(296c) Designing Functional Materials with Interfacial Instabilities in Thin Films | AIChE

(296c) Designing Functional Materials with Interfacial Instabilities in Thin Films

Authors 

We harness interfacial instabilities in thin liquid films to fabricate lens-shaped solid structures. A liquid elastomeric polymer is spin-coated on a flat substrate to create a uniform film, which is then turned upside-down, leading to the formation of a pattern of drops that emerges through the Rayleigh-Taylor instability. As the polymer cures, this array of liquid drops solidifies, thereby permanently structuring the geometry of the originally fluid system. The drops arrange in a lattice pattern with a wavelength that is well captured by stability analysis so that tuning the properties of the polymer enables us to tailor the morphology of the drops.
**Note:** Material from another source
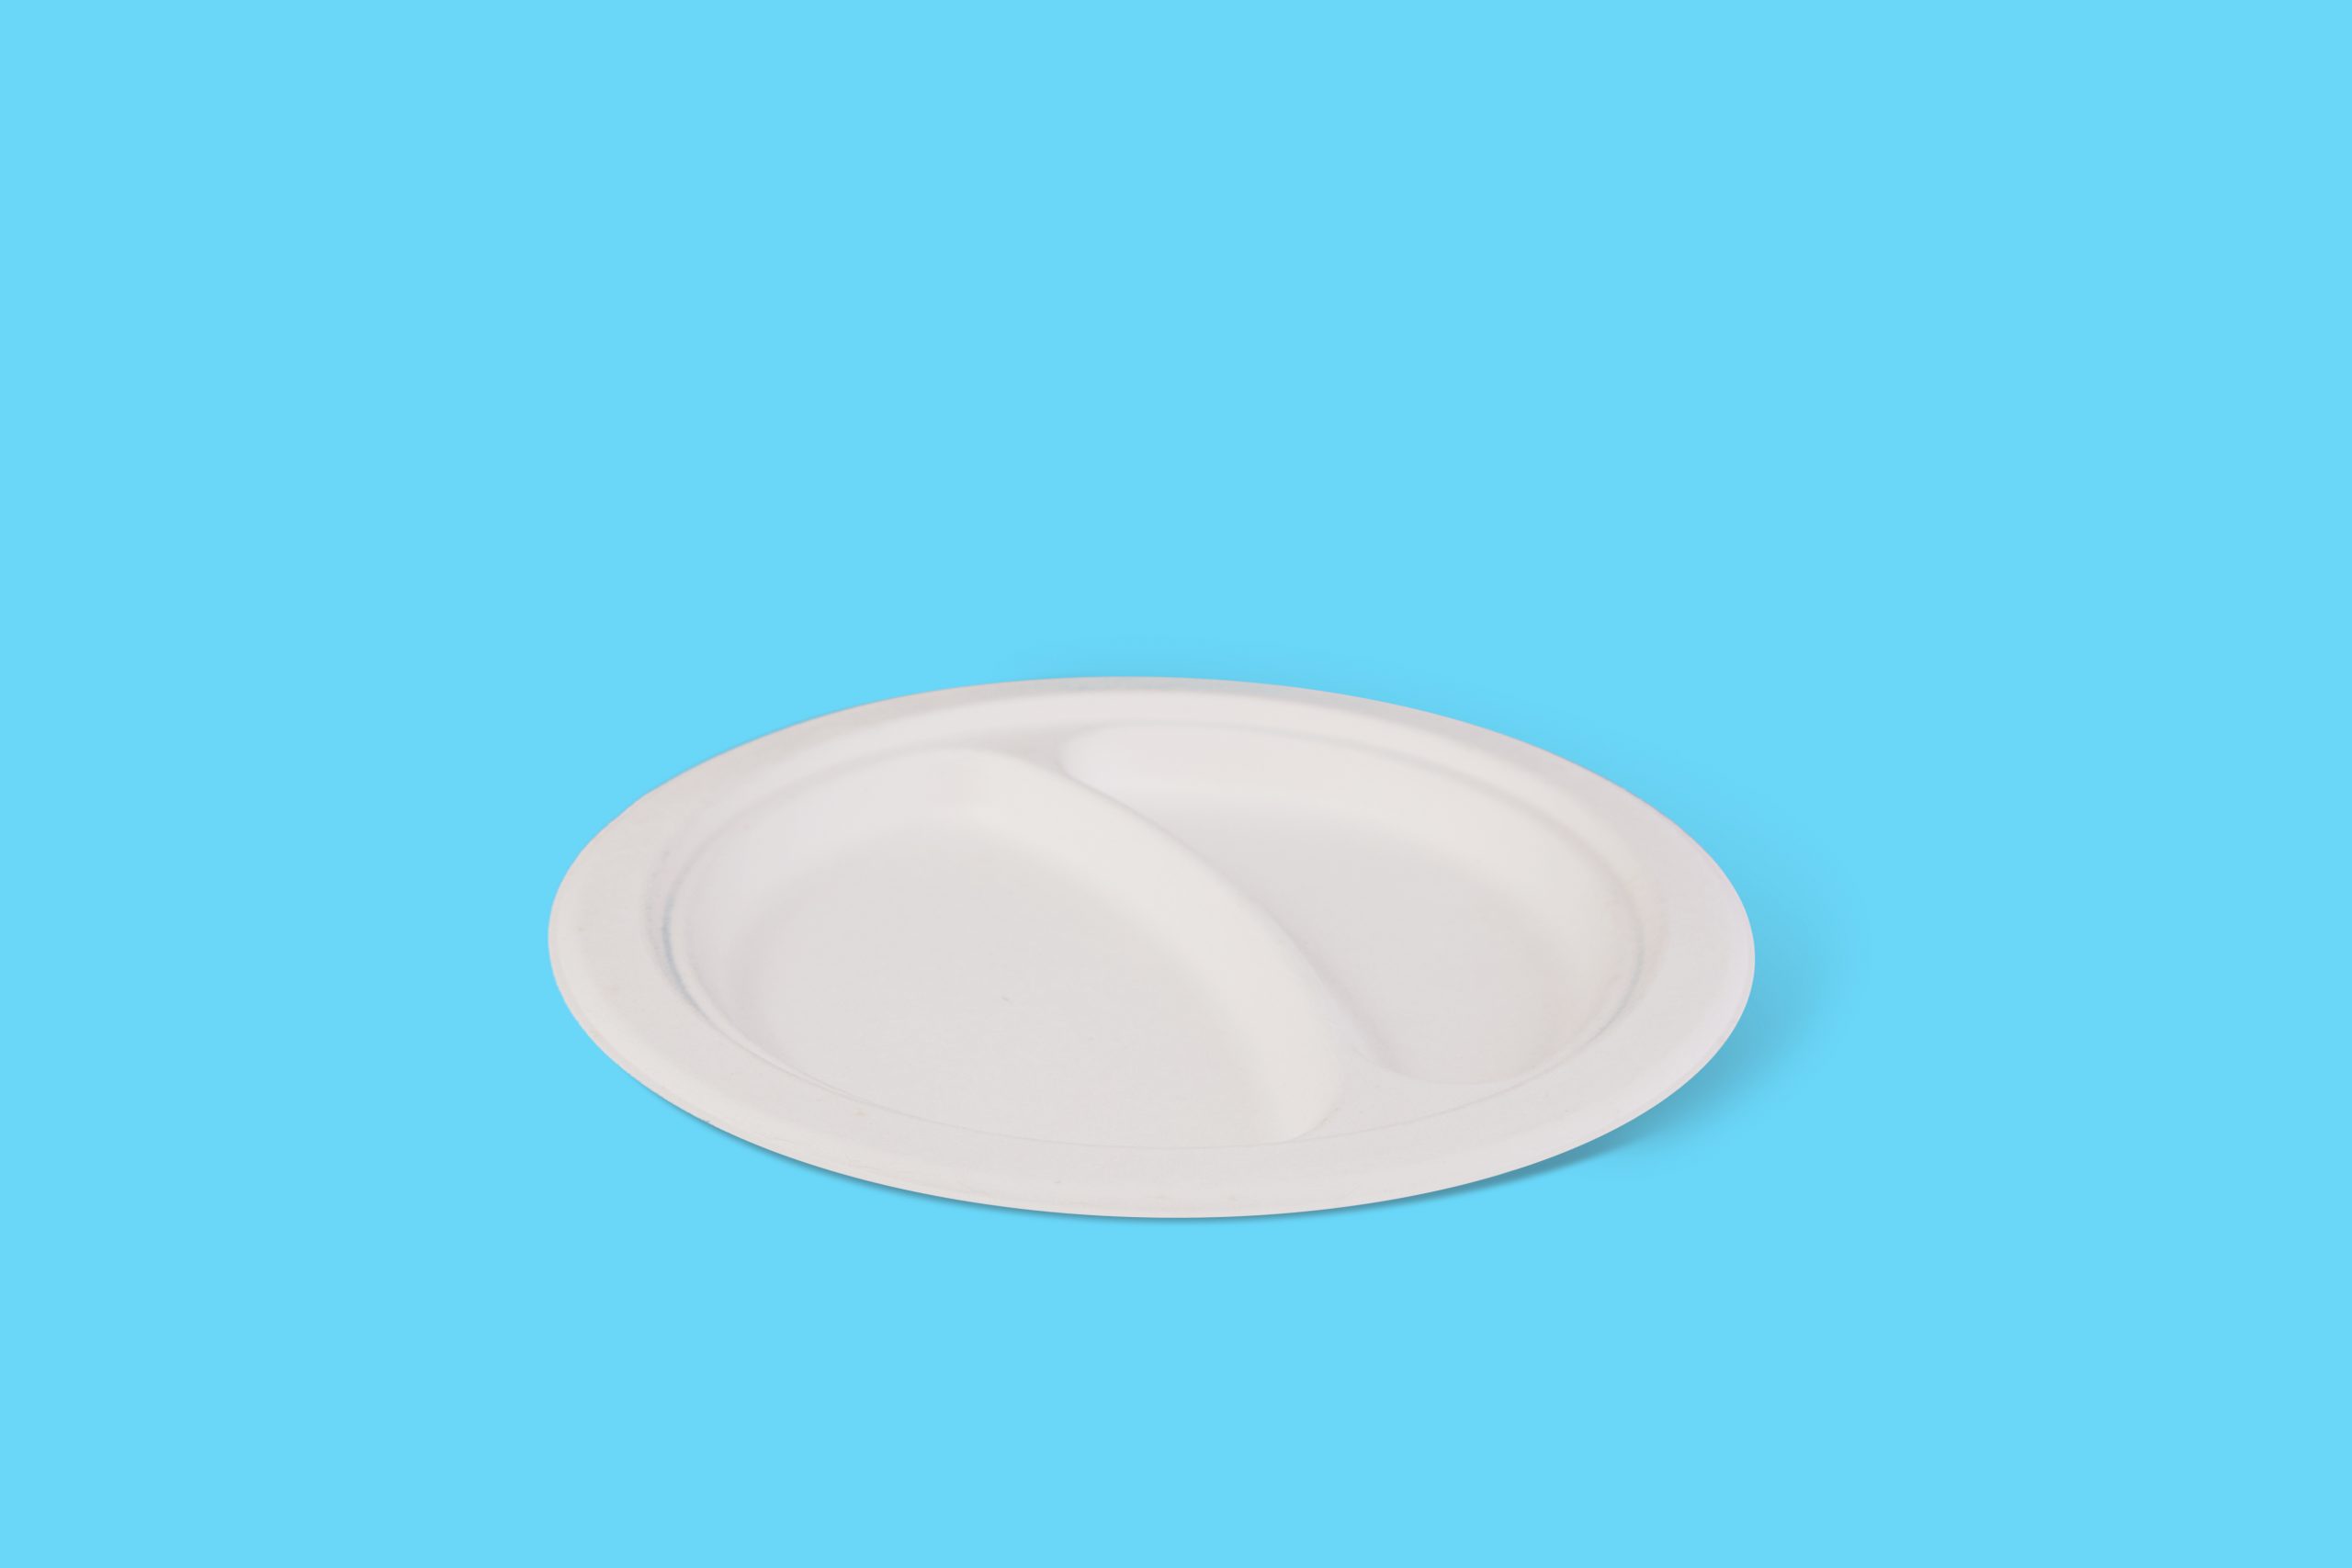 Disposable plates | Bio Futura - Sustainable packaging & disposables

Upon curing, the drops can then be peeled off from the substrate. Carefully designing a layout of surface defects, etched on the substrate onto which the thin film is initially deposited, is used as seed perturbations that trigger the instability in a controlled manner. This perturbation field significantly augments the monodispersity of the final solid structures, thereby making the fabrication process both robust and scalable. We demonstrate that by using an optically clear polymer (e.g. PDMS) during fabrication, the solid drops that are produced act as working lenses that can readily turn any smartphone into a microscope.